All of these occur in this conversation about feeling cold. I suppose the developers of this site are borrowing some automated text-to-speech program, so they're not responsible for these problems. But I still want readers to be aware that these are some non-authentic elements of the pronunciation on this site.

  1. The initial "h" sounds like a "p" to me sometimes.
  2. Can't pronounce "érhuà" 儿化, like in "bǎo bèir" 宝贝儿. It should be two syllables but it is read as three.

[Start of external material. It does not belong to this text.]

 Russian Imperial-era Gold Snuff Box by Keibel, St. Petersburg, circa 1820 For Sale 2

  3. Tone changes are not exactly correct. For example "wǒ juéde" 我觉得 sounds like "wó juéde." Really, the 3rd tone before a 2nd tone should be really low, and not like another 2nd tone. Also the 5th tone "ba" 吧 after a 3rd tone (hǎo ba 好吧) should be higher than it is after the other three tones.

Technical Problems:

  1. The "Auto play" option for sound files seems to really be "auto repeat." But actually, if you clear the little check box, it doesn't play at all. Can't quite figure out what that's for.

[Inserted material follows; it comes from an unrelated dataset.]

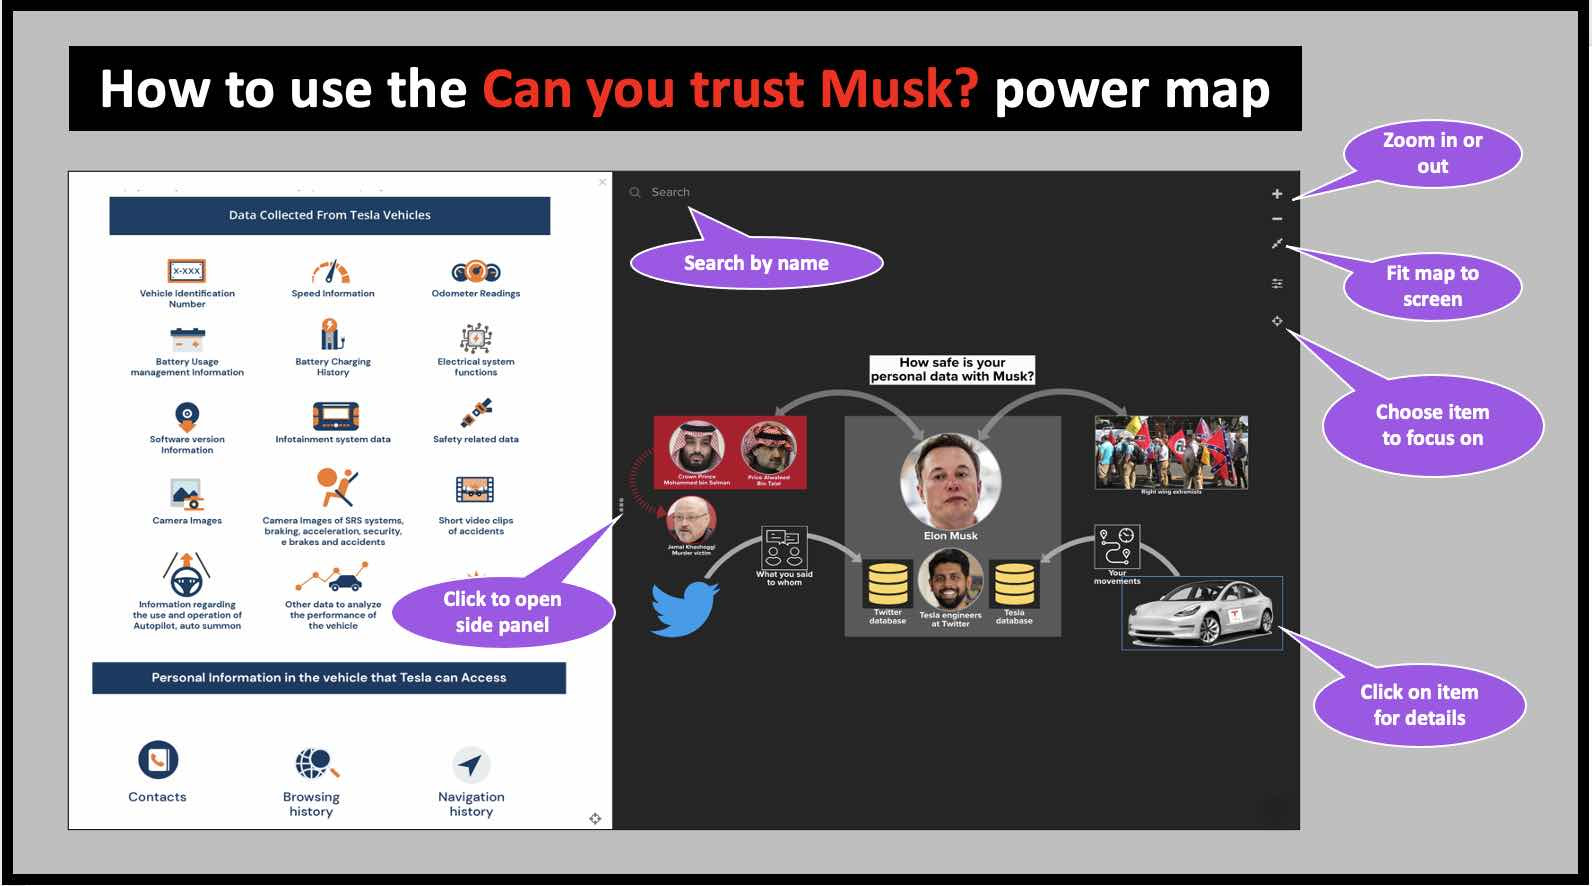 How to use the Can You Trust Musk power map

  2. The "Auto play" bubble often blocks your view of the transcript. If you move your mouse so that the bubble disappears, the sound file stops playing immediately.
  3. Pinyin is not allowed in searches.
  4. Multiple English words in searches doesn't show conversations containing all words.

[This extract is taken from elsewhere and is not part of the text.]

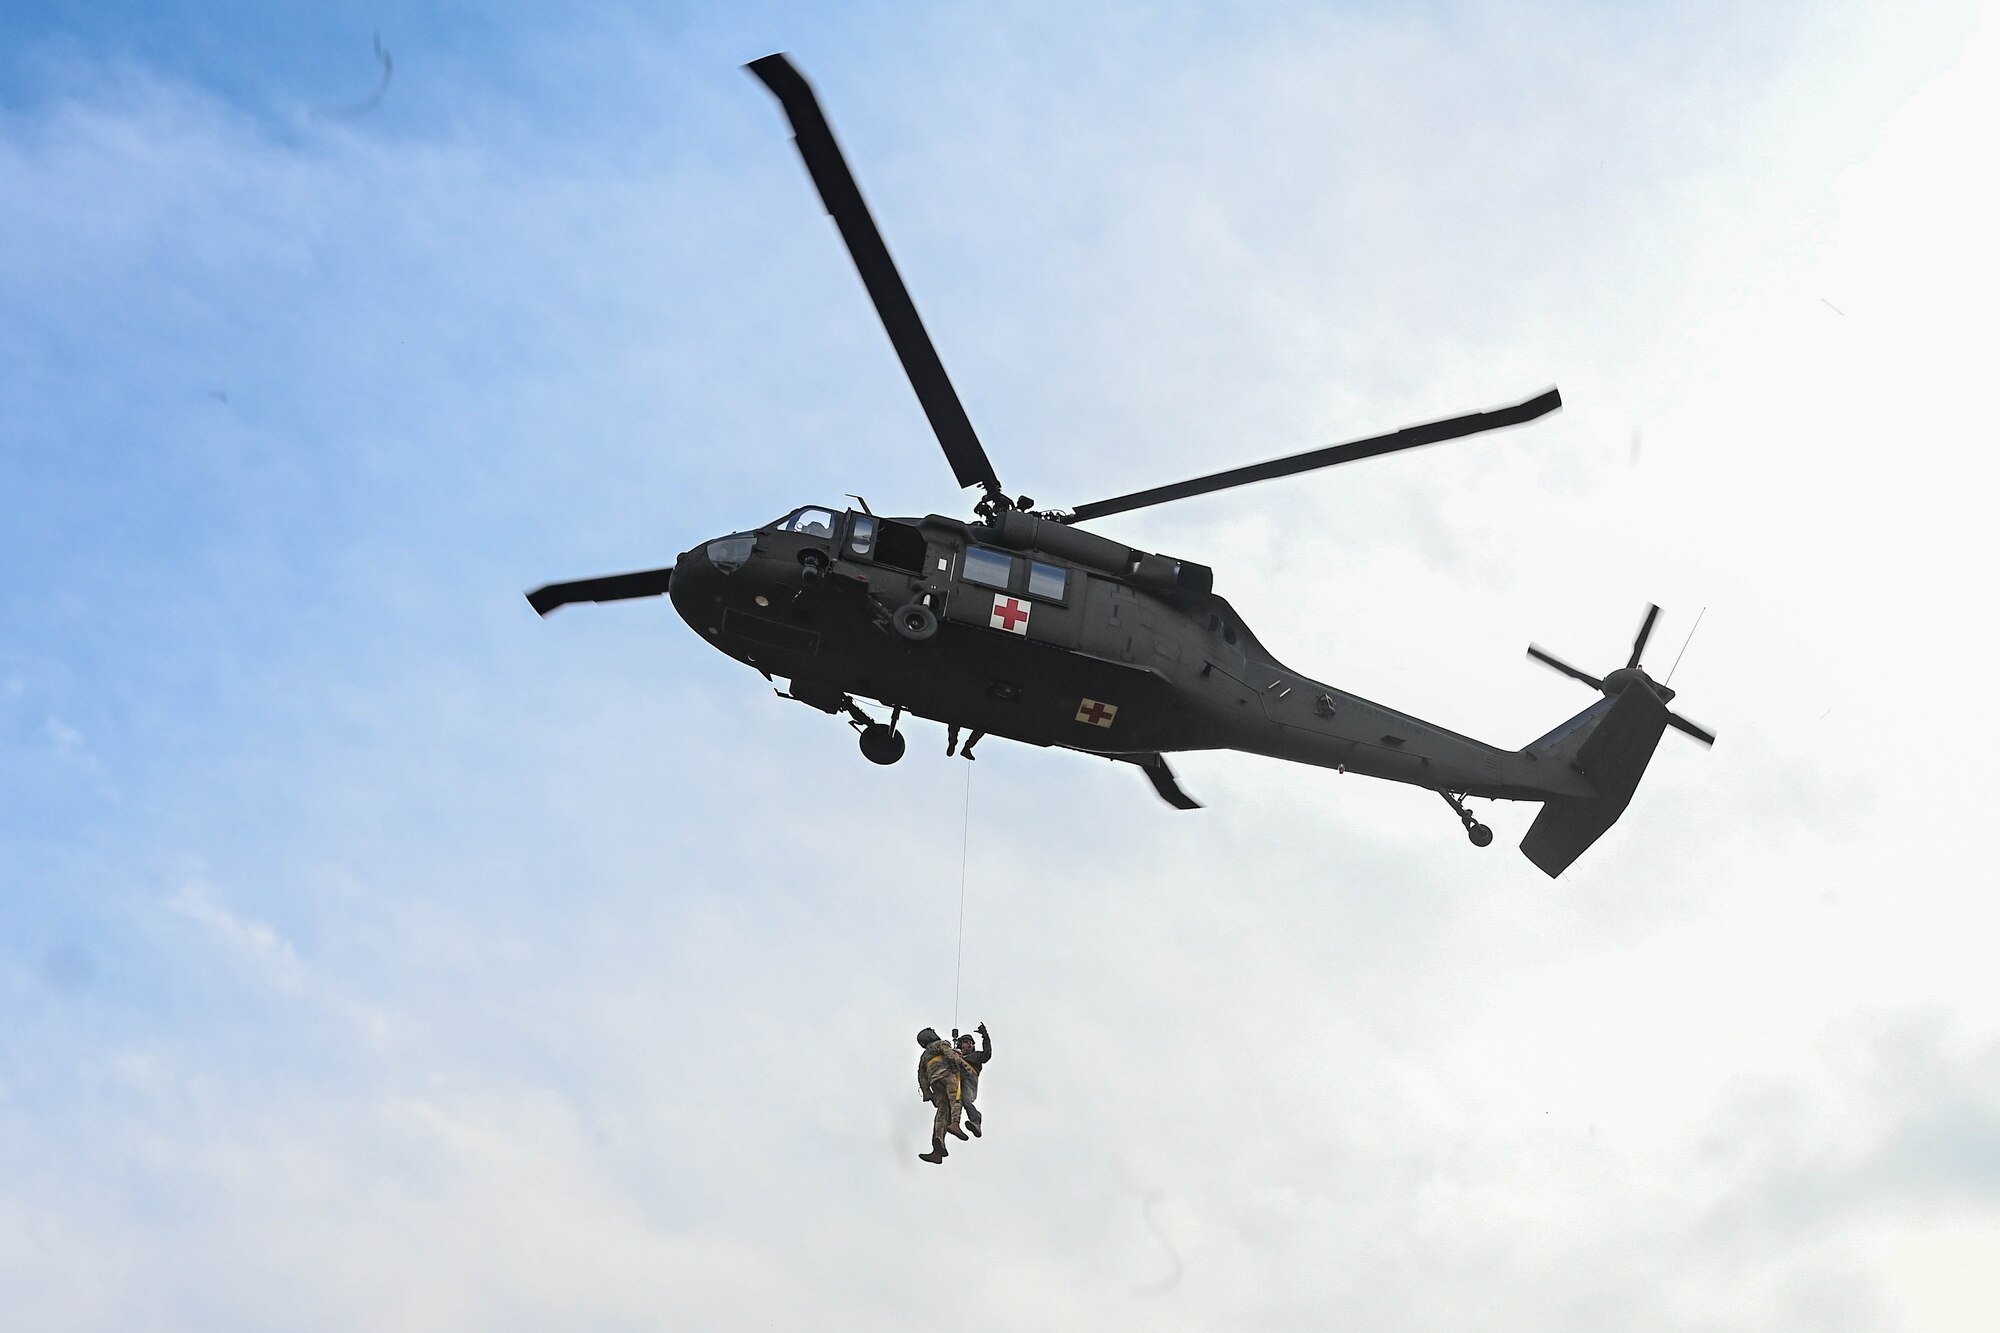 Two men are hoisted into a helicopter

  5. Putting multiple English search terms "in quotes" breaks something.

The site's still in "beta," which means we're supposed to give them a break and be patient while they work out these little issues.It is cool to have this growing bank of conversations. This sort of corpus is exactly what Chinese-English dictionaries need. Does anyone know of any other sites that have conversations or sentence examples in Chinese and English?